What I've Heard about Love (this week)

The other day I overheard a conversation at the jr. high that went something like this:

Girl 1: I am totally not friends with Megan anymore.

Girls 2, 3 and 4 in unison: WHY??

Girl 1: She is totally going out with Matt

Girls 2: That is so selfish!

Girl 1: No it's not! I totally liked him 1st and she knew it.

Girl 3: That is so selfish of you, she's just in love

Girls 2 and 4 in unison: yeah, she's just in love

Girl 3 (dreamily): I know. I was in love once... with Travis.

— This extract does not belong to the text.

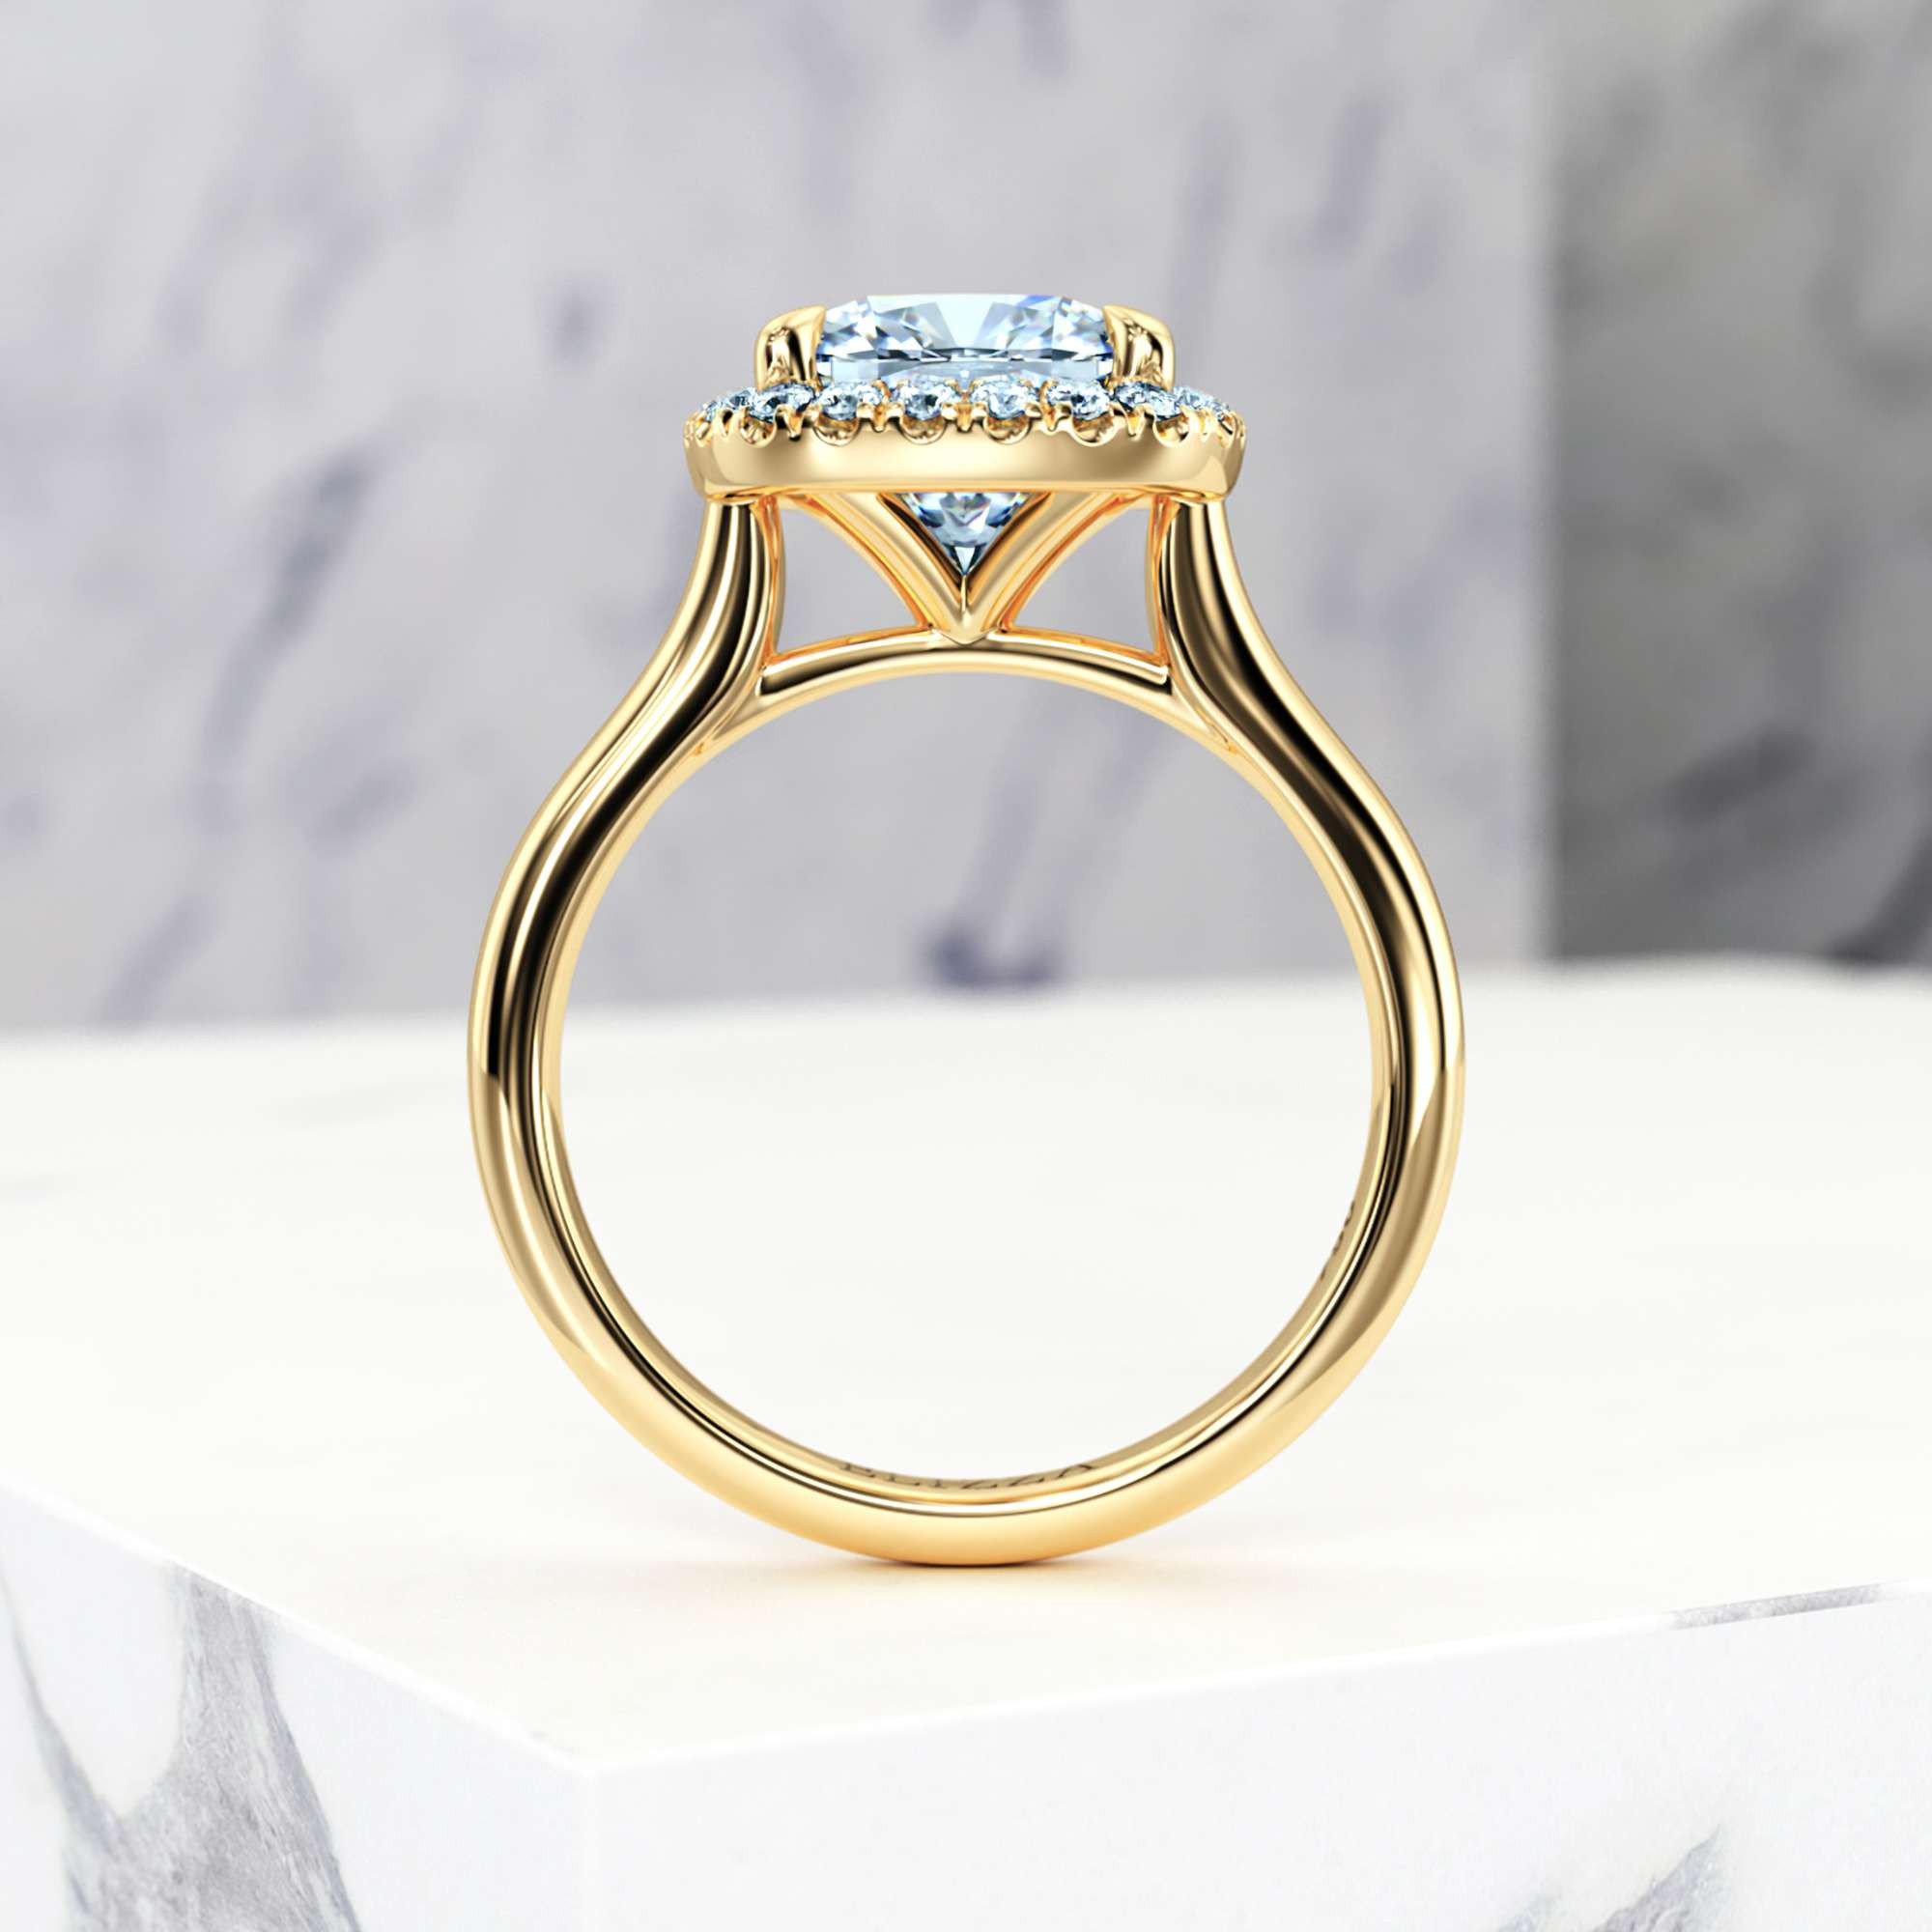 Verlobungsring Effie Square Cushion | Square cushion | 14K Gelbgold | Natural | GIA Certified | 0.30ct SI1 H 6

Yeah... they're in 8th grade.

Also on the subject of love, I've been reading this fantastic book by Elizabeth Gilbert called Eat, Pray, Love. I just started it, but it's very clever and, honestly, pretty inspiring. It's funny how the book you need always seems to find you. Anyway, I pretty much laughed my face off at her analogy of love being like a drug. Here it is:

"Addiction is the hallmark of every infatuation-based love story. It all begins when the object of your adoration bestows upon you a heady, hallucogenic dose of something you never even dared to admit that you wanted- an emotional speedball, perhaps, of thunderous love and roiling excitement. Soon you start craving that intense attention, with the hungry obsession of any junkie. When the drug is witheld, you promptly turn sick, crazy and depleted (not to mention resentful of the dealer who encouraged this addiction in the first place but who now refuses to pony up the good stuff anymore- despite the fact that you KNOW he has it hidden somewhere... because he USED TO GIVE IT TO YOU FOR FREE). Next stage finds you skinny and shaking in a corner, certain only that you would sell your soul or rob your neighbors just to have that thing even one more time. Meanwhile, the object of your adoration has now become repulsed by you. He looks at you like you're someone he's never met before, much less someone he once loved with high passion. The irony is, you can hardly blame him. I mean, check yourself out. You're a pathetic mess, unrecognizable even to your own eyes. So that's it. You have now reached infatuation's final desitnation- the complete devaluation of self."

That sounds familiar, a little bit... Love is a dangerous thing. Or, maybe it's actually not. It's all the junk on the way to love, and all the tricky feelings that seem like love, that are dangerous things.

2 comments:

Amy said...

Ha!
Middle school...
Good times, good times...

Young girls are hilarious.

Katie E. said...

I LOVE that description of love, and it applies so perfectly to both of our recent major experiences with love. Oh does it work. Brandy Alexander!